Stata 15 help for regress

[R] regress -- Linear regression


regress depvar [indepvars] [if] [in] [weight] [, options]

options Description ------------------------------------------------------------------------- Model noconstant suppress constant term hascons has user-supplied constant tsscons compute total sum of squares with constant; seldom used

SE/Robust vce(vcetype) vcetype may be ols, robust, cluster clustvar, bootstrap, jackknife, hc2, or hc3

Reporting level(#) set confidence level; default is level(95) beta report standardized beta coefficients eform(string) report exponentiated coefficients and label as string depname(varname) substitute dependent variable name; programmer's option display_options control columns and column formats, row spacing, line width, display of omitted variables and base and empty cells, and factor-variable labeling

noheader suppress output header notable suppress coefficient table plus make table extendable mse1 force mean squared error to 1 coeflegend display legend instead of statistics ------------------------------------------------------------------------- indepvars may contain factor variables; see fvvarlist. depvar and indepvars may contain time-series operators; see tsvarlist. bayes, bootstrap, by, fmm, fp, jackknife, mfp, mi estimate, nestreg, rolling, statsby, stepwise, and svy are allowed; see prefix. For more details, see [BAYES] bayes: regress and [FMM] fmm: regress. vce(bootstrap) and vce(jackknife) are not allowed with the mi estimate prefix. Weights are not allowed with the bootstrap prefix. aweights are not allowed with the jackknife prefix. hascons, tsscons, vce(), beta, noheader, notable, plus, depname(), mse1, and weights are not allowed with the svy prefix. aweights, fweights, iweights, and pweights are allowed; see weight. noheader, notable, plus, mse1, and coeflegend do not appear in the dialog box. See [R] regress postestimation for features available after estimation.


Statistics > Linear models and related > Linear regression


regress performs ordinary least-squares linear regression. regress can also perform weighted estimation, compute robust and cluster-robust standard errors, and adjust results for complex survey designs.


+-------+ ----+ Model +------------------------------------------------------------

noconstant; see [R] estimation options.

hascons indicates that a user-defined constant or its equivalent is specified among the independent variables in indepvars. Some caution is recommended when specifying this option, as resulting estimates may not be as accurate as they otherwise would be. Use of this option requires "sweeping" the constant last, so the moment matrix must be accumulated in absolute rather than deviation form. This option may be safely specified when the means of the dependent and independent variables are all reasonable and there is not much collinearity between the independent variables. The best procedure is to view hascons as a reporting option -- estimate with and without hascons and verify that the coefficients and standard errors of the variables not affected by the identity of the constant are unchanged.
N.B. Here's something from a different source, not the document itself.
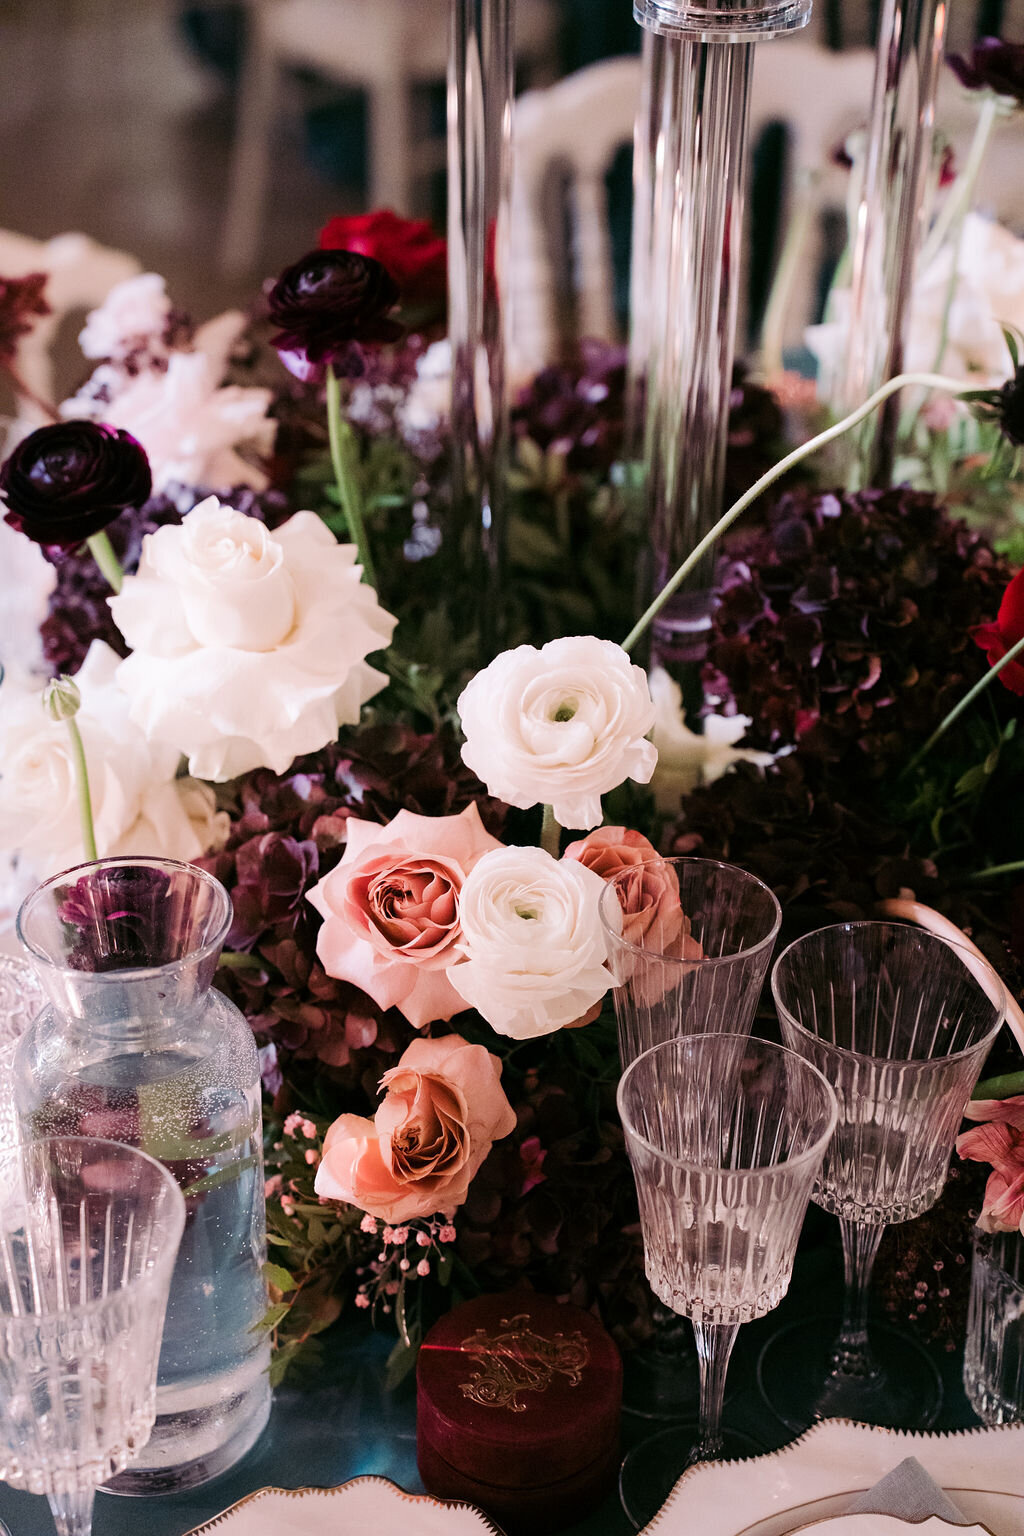 Luxurious and opulent details for a wedding reception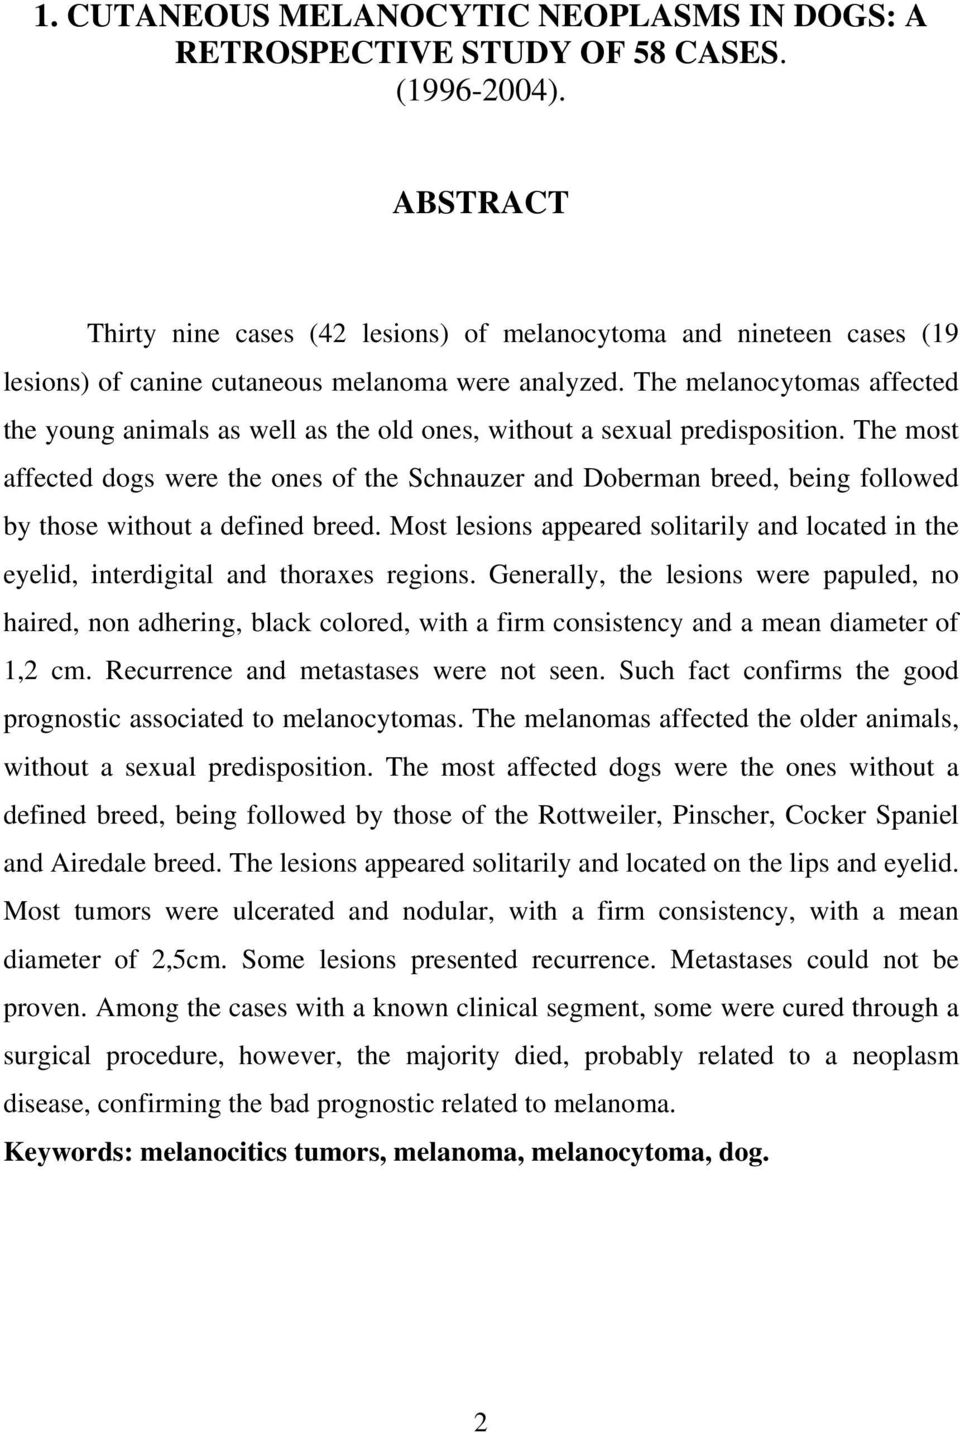 The melanocytomas affected the young animals as well as the old ones, without a sexual predisposition.

tsscons forces the total sum of squares to be computed as though the model has a constant, that is, as deviations from the mean of the dependent variable. This is a rarely used option that has an effect only when specified with noconstant. It affects the total sum of squares and all results derived from the total sum of squares.

+-----------+ ----+ SE/Robust +--------------------------------------------------------

vce(vcetype) specifies the type of standard error reported, which includes types that are derived from asymptotic theory (ols), that are robust to some kinds of misspecification (robust), that allow for intragroup correlation (cluster clustvar), and that use bootstrap or jackknife methods (bootstrap, jackknife); see [R] vce_option.

vce(ols), the default, uses the standard variance estimator for ordinary least-squares regression.

regress also allows the following:

vce(hc2) and vce(hc3) specify an alternative bias correction for the robust variance calculation. vce(hc2) and vce(hc3) may not be specified with the svy prefix. In the unclustered case, vce(robust) uses (sigma-hat_j)^2={n/(n-k)}(u_j)^2 as an estimate of the variance of the jth observation, where u_j is the calculated residual and n/(n-k) is included to improve the overall estimate's small-sample properties.

vce(hc2) instead uses u_j^2/(1-h_jj) as the observation's variance estimate, where h_jj is the diagonal element of the hat (projection) matrix. This estimate is unbiased if the model really is homoskedastic. vce(hc2) tends to produce slightly more conservative confidence intervals.

vce(hc3) uses u_j^2/(1-h_jj)^2 as suggested by Davidson and MacKinnon (1993), who report that this method tends to produce better results when the model really is heteroskedastic. vce(hc3) produces confidence intervals that tend to be even more conservative.

See Davidson and MacKinnon (1993, 554-556) and Angrist and Pischke (2009, 294-308) for more discussion on these two bias corrections.

+-----------+ ----+ Reporting +--------------------------------------------------------

level(#); see [R] estimation options.

beta asks that standardized beta coefficients be reported instead of confidence intervals. The beta coefficients are the regression coefficients obtained by first standardizing all variables to have a mean of 0 and a standard deviation of 1. beta may not be specified with vce(cluster clustvar) or the svy prefix.

eform(string) is used only in programs and ado-files that use regress to fit models other than linear regression. eform() specifies that the coefficient table be displayed in exponentiated form as defined in [R] maximize and that string be used to label the exponentiated coefficients in the table.

depname(varname) is used only in programs and ado-files that use regress to fit models other than linear regression. depname() may be specified only at estimation time. varname is recorded as the identity of the dependent variable, even though the estimates are calculated using depvar. This method affects the labeling of the output -- not the results calculated -- but could affect subsequent calculations made by predict, where the residual would be calculated as deviations from varname rather than depvar. depname() is most typically used when depvar is a temporary variable (see [P] macro) used as a proxy for varname.

depname() is not allowed with the svy prefix.

display_options: noci, nopvalues, noomitted, vsquish, noemptycells, baselevels, allbaselevels, nofvlabel, fvwrap(#), fvwrapon(style), cformat(%fmt), pformat(%fmt), sformat(%fmt), and nolstretch; see [R] estimation options.

The following options are available with regress but are not shown in the dialog box:

noheader suppresses the display of the ANOVA table and summary statistics at the top of the output; only the coefficient table is displayed. This option is often used in programs and ado-files.

notable suppresses display of the coefficient table.

plus specifies that the output table be made extendable. This option is often used in programs and ado-files.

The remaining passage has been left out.